Одновременно он и Глеб взглянули друг на друга, и Глеб, приподнявшись на сиденье, непроизвольно громко крикнул:
— Шурка!..
Фоменко шевельнул губами: по ним прошла тень улыбки; но сейчас же он отвернулся, пряча взгляд. Глеб, залившись краской нестерпимого стыда и обиды, стоял в фаэтоне, держась за спину Василия. Жандармы тупо таращили глаза на небывалое происшествие, не зная, как принять такой случай, пока один не опомнился и не зыкнул на остановившегося извозчика.
Пролетка отъехала. Глеб опустился на сиденье. Щеки его горели. Так явно высказанное презрение и вражда ошеломили его. Он не понял и не мог понять, что Шурка отвернулся по конспиративным соображениям, следуя традиционной, переходящей из поколения в поколение, тактике не признавать знакомства после ареста. Этой тактики Глеб не знал, и ему казалось, что при всех, при Василии, при этих разжиревших жандармских унтерах, он получил от Шурки публичную пощечину. Он приехал домой расстроенный и подавленный. До отъезда на вокзал оставалось только два часа.
Через два часа начинается вступление в иную, тревожную, совсем непохожую на прожитые золотые годы, неизвестную жизнь.
Строй выпускных гардемаринов вытянулся двумя шеренгами поперек огромного зала морского корпуса. По длине зала, вдоль обеих стен, под портретами адмиралов застыли почетным караулом три гардемаринские роты.

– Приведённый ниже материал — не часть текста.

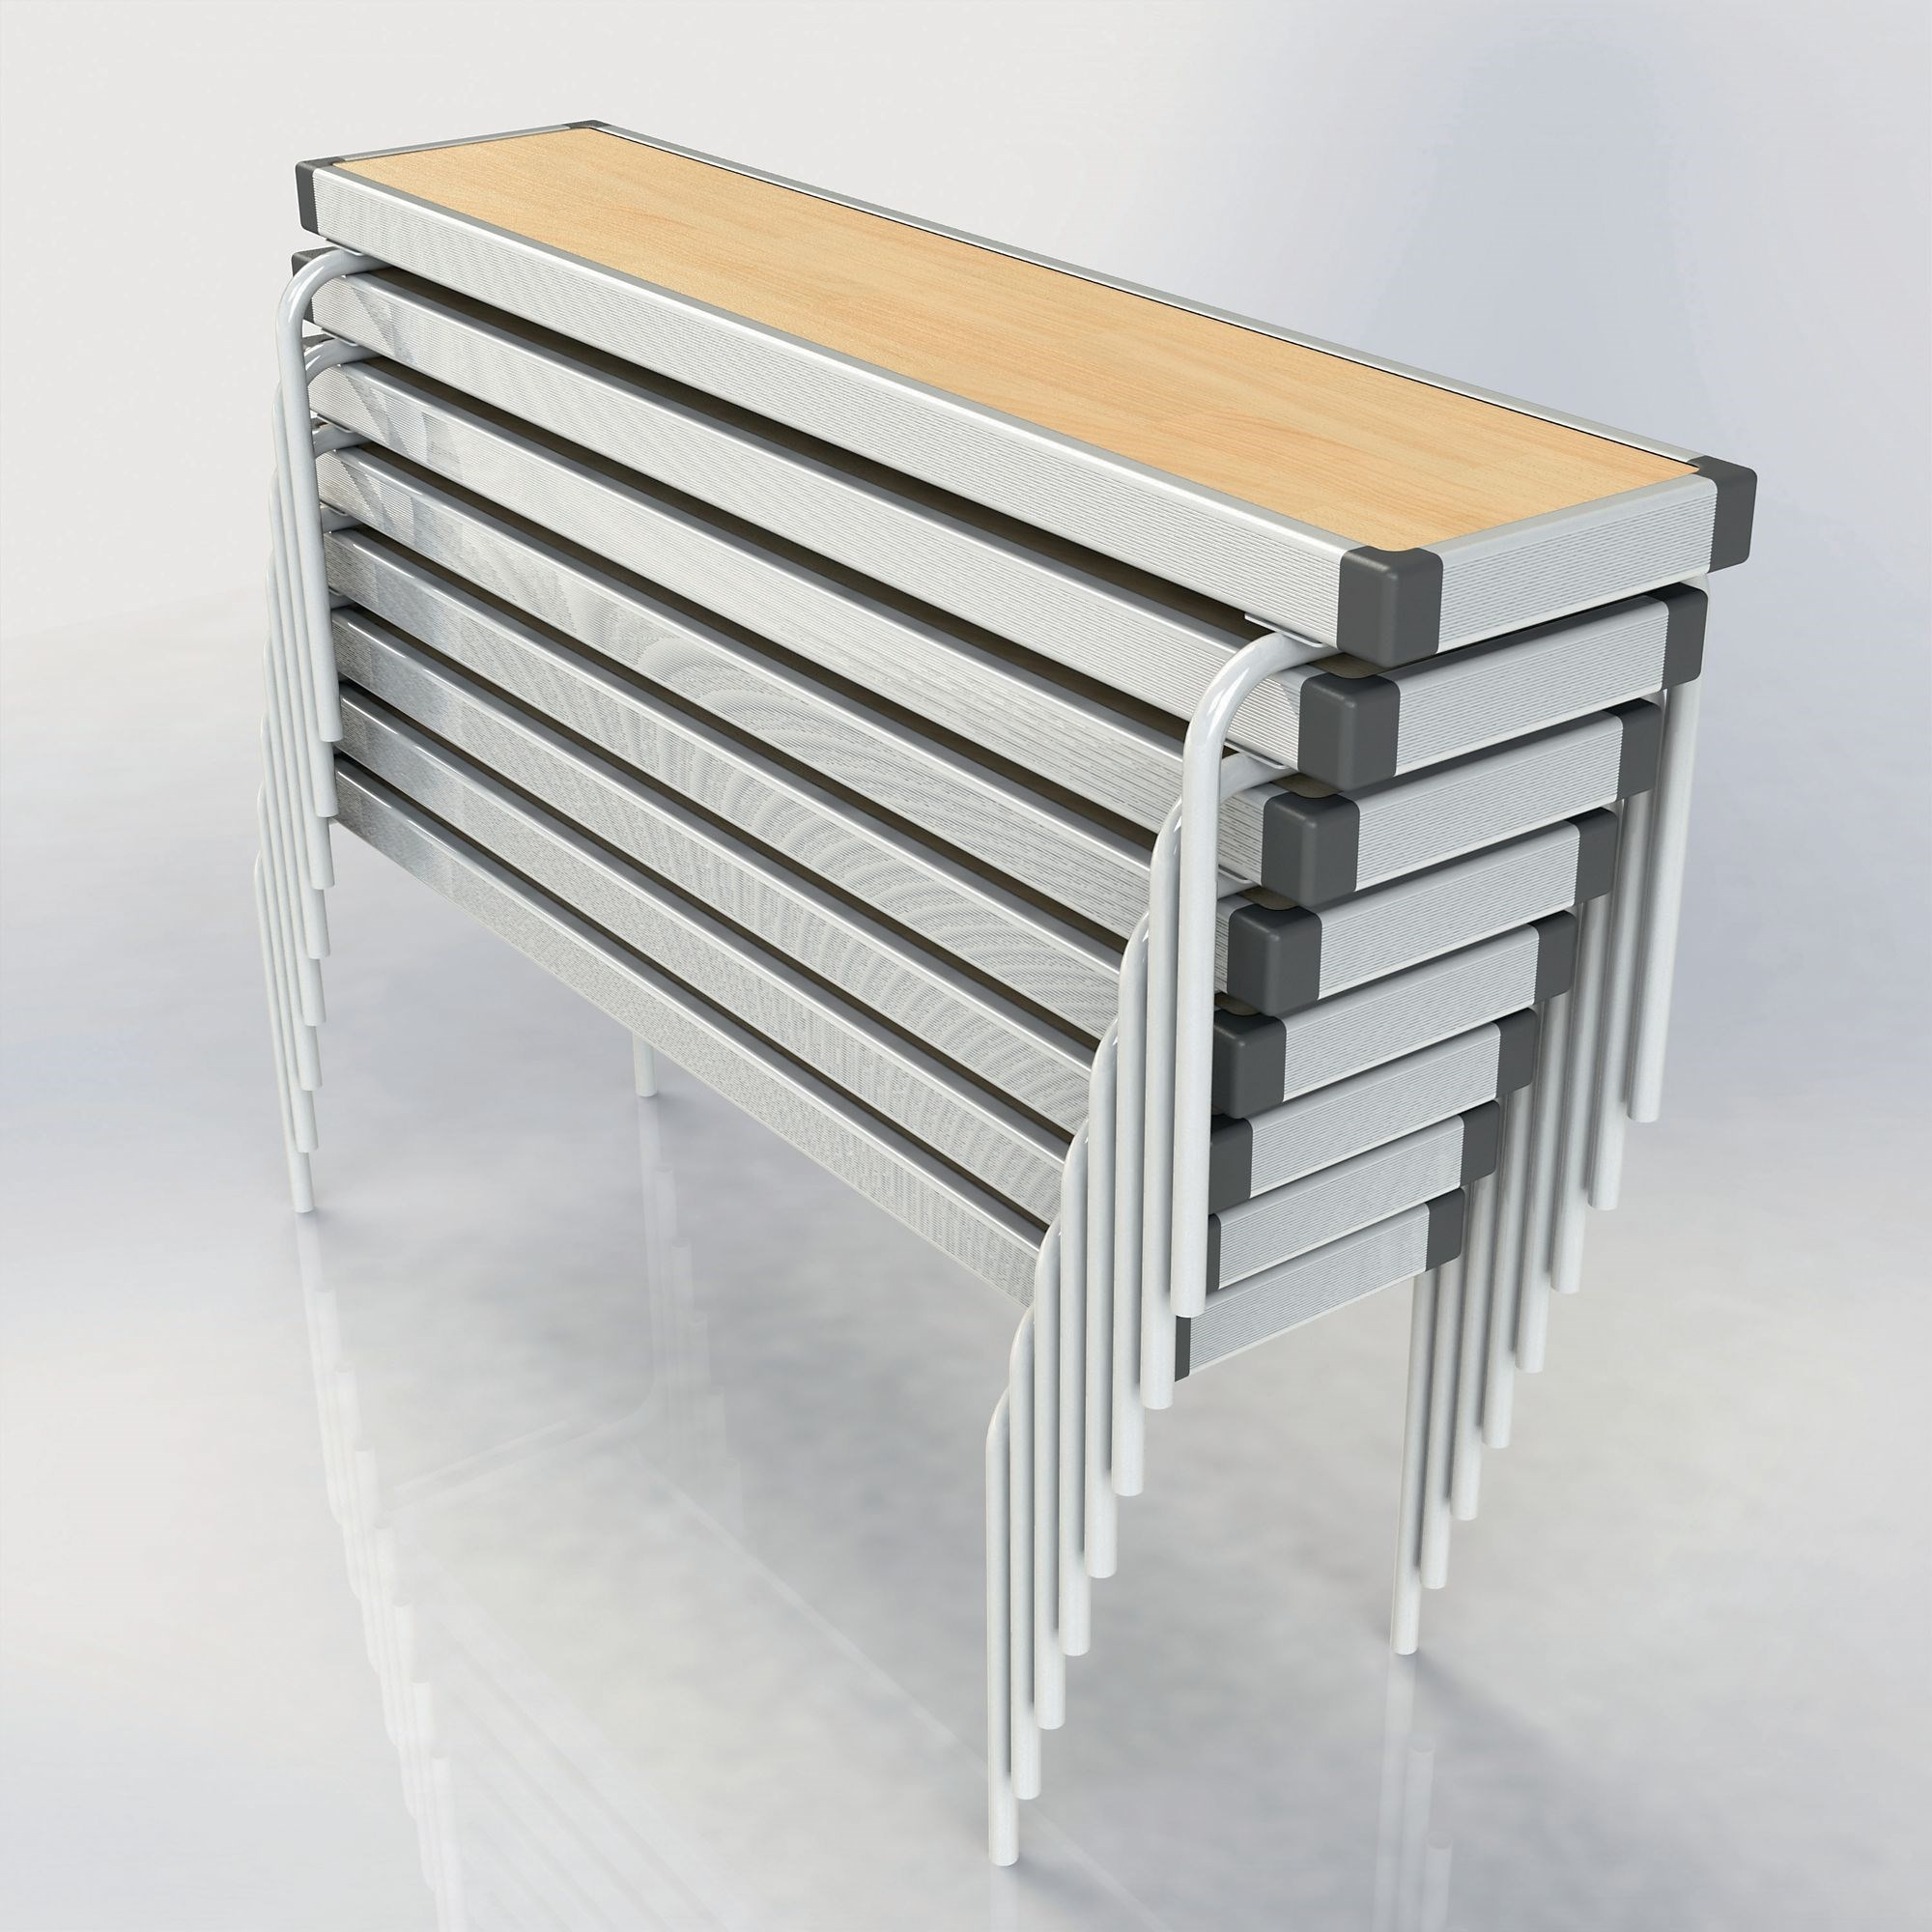 Rectangular Benches L1220 x H330 x W254mm Oak
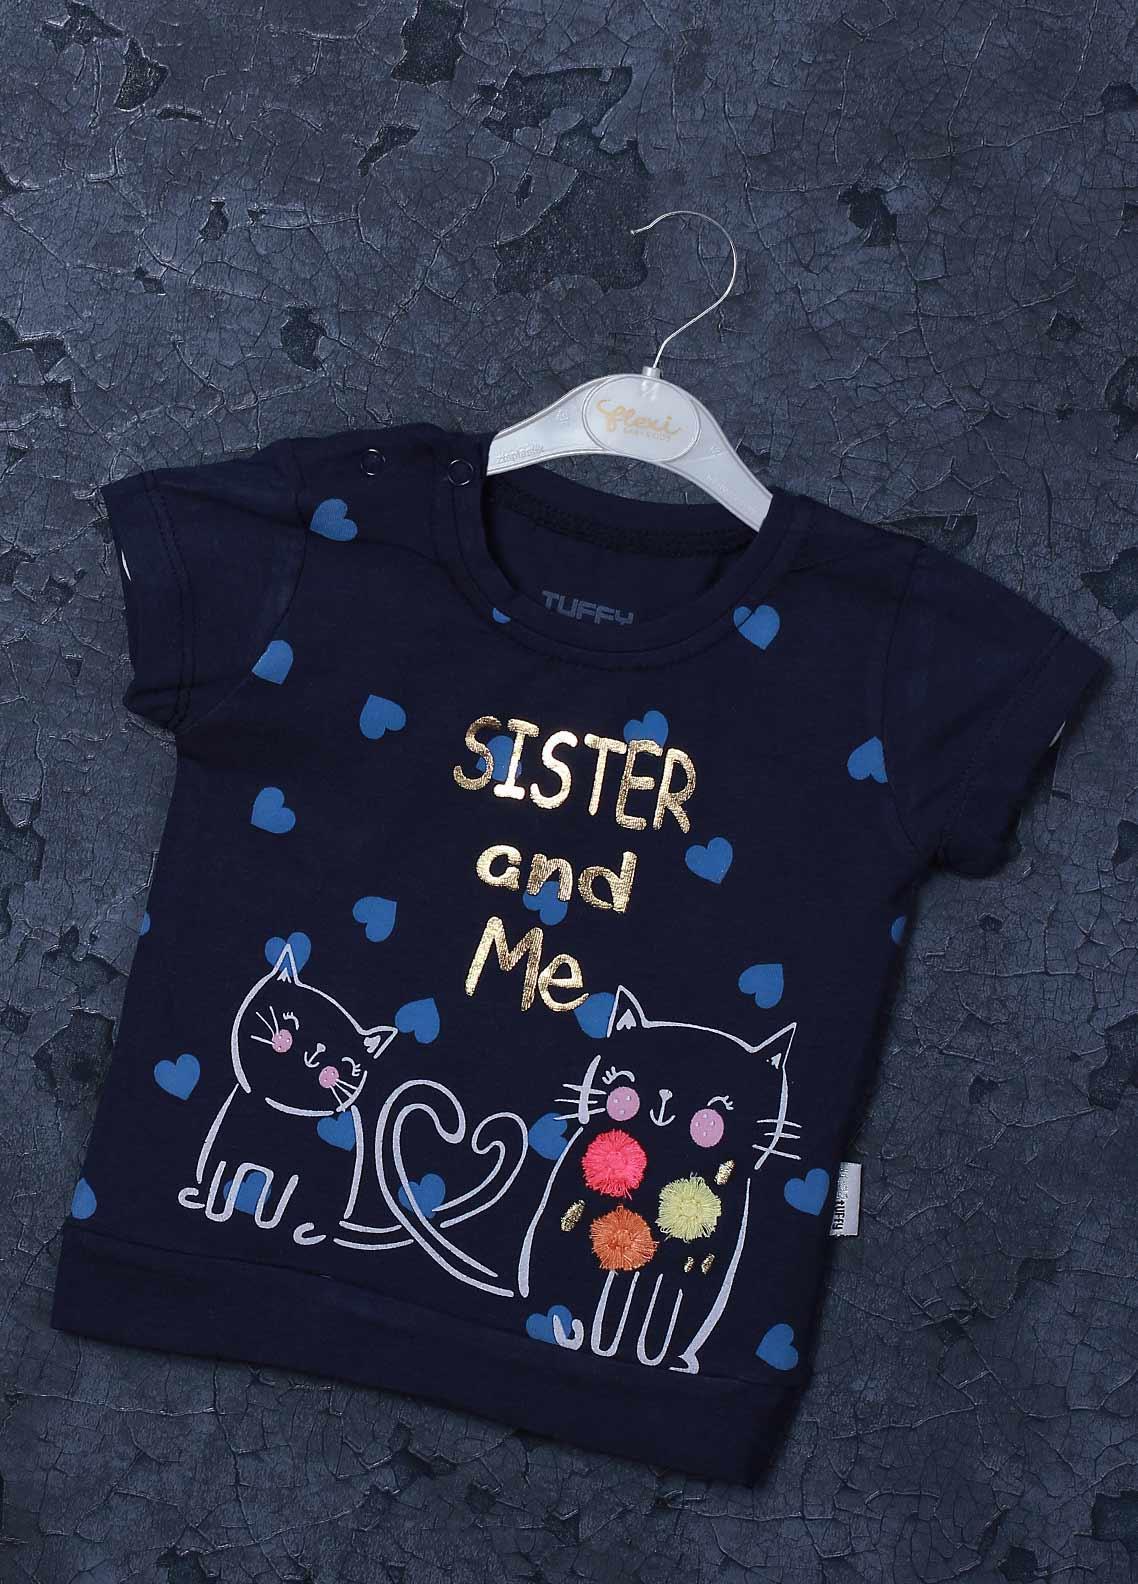 Sanaulla Exclusive Range Mix Cotton Printed T-Shirts for Girls -  98255 Navy Blue

Сто восемьдесят выпускников — корабельных гардемаринов были расставлены по ранжиру, по прочно установленному традиционному порядку. В этом порядке играли роль не только рост, но и качество гардемаринов. Правый фланг занимали лучшие, отборные — сливки флота, строевики, те, которые всегда на мостиках, на палубах, на виду, гардемарины первого сорта в количестве ста тридцати трех человек. Одним шагом строевого интервала от них были отделены гардемарины второго сорта — инженер-механики, трюмные и водолазные духи, черная кость, скромные муравьи сложной корабельной жизни. Их было тридцать восемь. И, наконец, замыкая строй, на левом фланге жались третьесортники, бесправные илоты, которые при производстве получают не вожделенное, сладко звучащее имя мичмана, а позорный чин подпоручика корпуса корабельных инженеров, гардемарины-строители, непосредственно вслед за выпуском исчезающие навсегда с блестящей поверхности жизни, закапываясь в бумажные сугробы чертежных, в дымные цеха верфей и эллингов.